Microsoft is laying off more than 6,000 employees, accounting for around 3% of its global workforce, in one of the company’s most significant rounds of job cuts since 2023. The announcement came on Tuesday, and marks a major move in Microsoft’s ongoing efforts to streamline operations amid shifting market dynamics.
“We continue to implement organizational changes necessary to best position the company for success in a dynamic marketplace,” said Microsoft spokesperson Pete Wootton in a statement.
Layoffs Affect All Levels and Departments
The latest job cuts are expected to affect teams across all levels of Microsoft’s operations. Reports indicate that employees at Microsoft-owned LinkedIn and international offices are among those impacted.
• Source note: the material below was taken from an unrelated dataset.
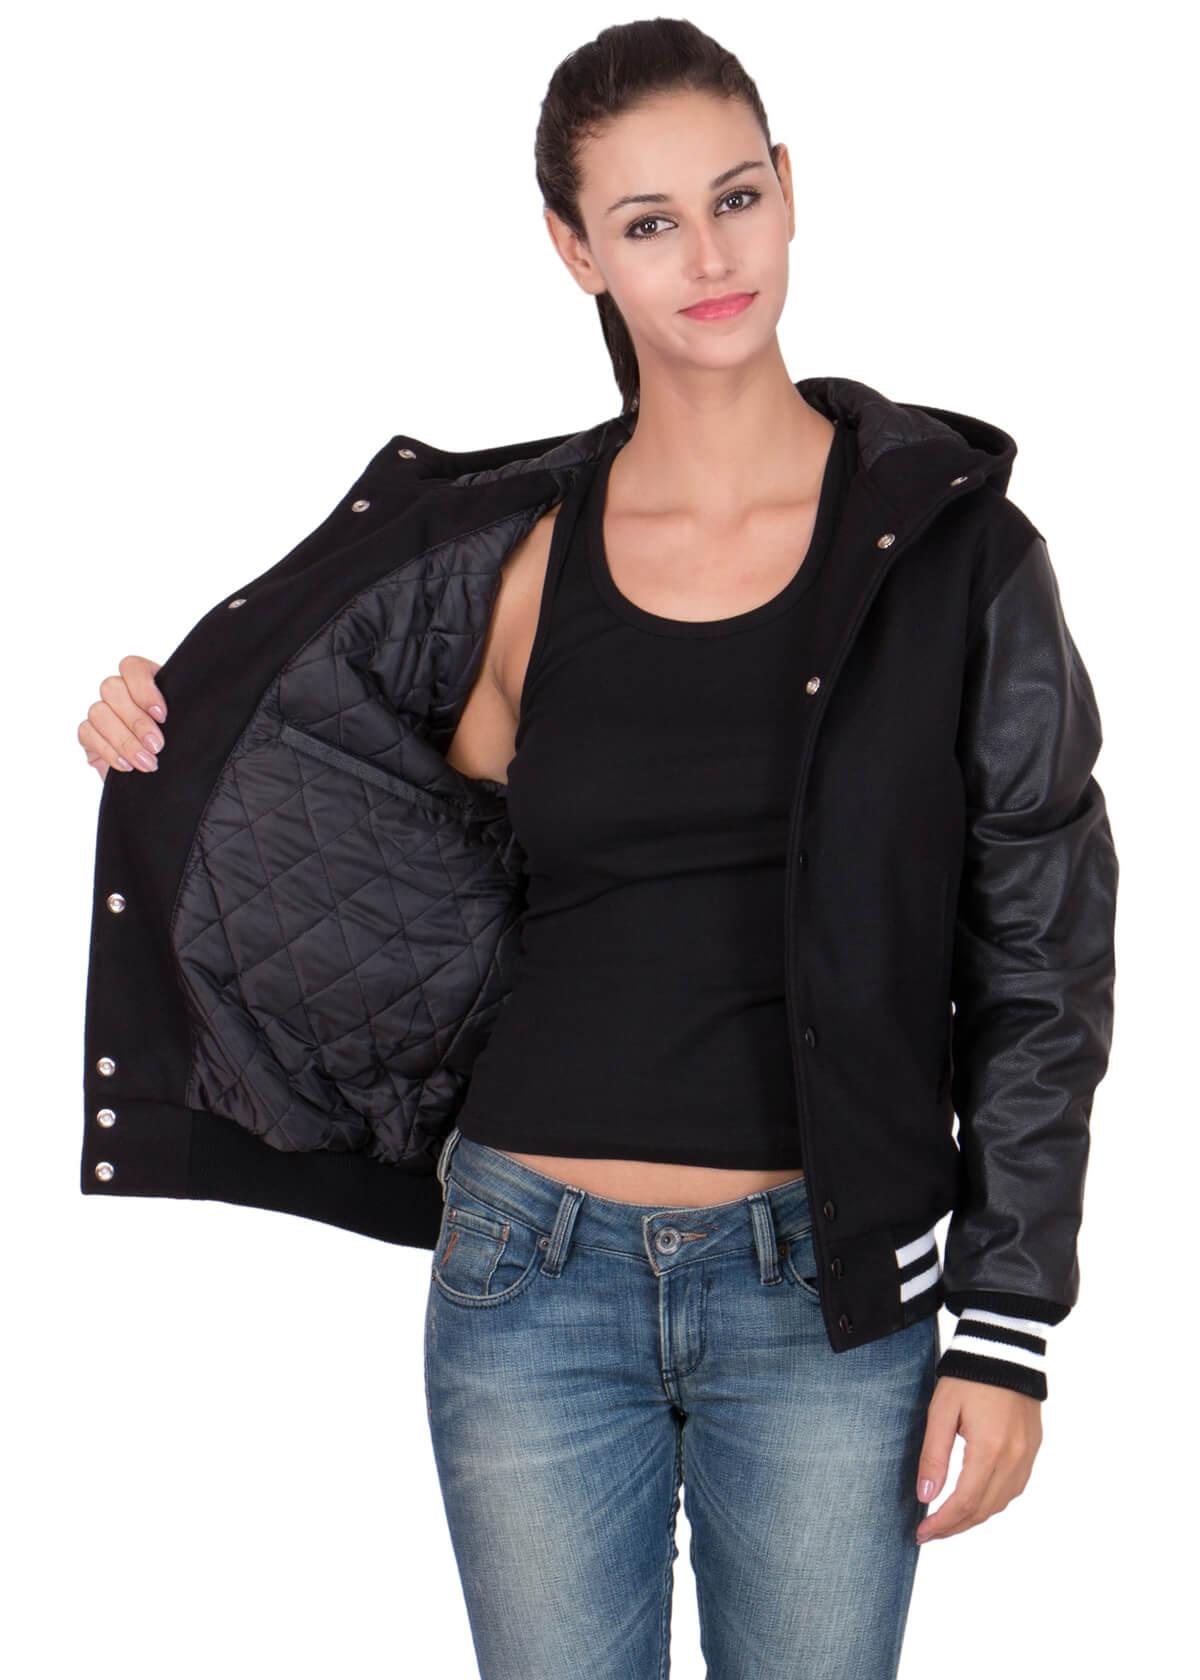 Womens Black Hood Varsity Jacket With Leather Sleeves-7

This wave of layoffs follows months of “performance-based” reductions and comes amid Microsoft’s broader strategy to reduce layers of management.
In an earnings call on April 30, Microsoft CFO Amy Hood hinted at these changes, stating the company is aiming to “build high-performing teams and increase agility by reducing layers with fewer managers.”
Despite these reductions, Microsoft continues to invest heavily in emerging tech areas, including artificial intelligence, with partnerships like OpenAI and expansions in its Azure cloud business.
What This Means for Microsoft
The Microsoft layoffs 2025 are part of a strategic reorganization aimed at cutting redundancies, flattening management structures, and improving operational efficiency in an increasingly competitive tech landscape. While the company remains financially strong, the move underscores how even industry giants are re-evaluating their structures to stay agile.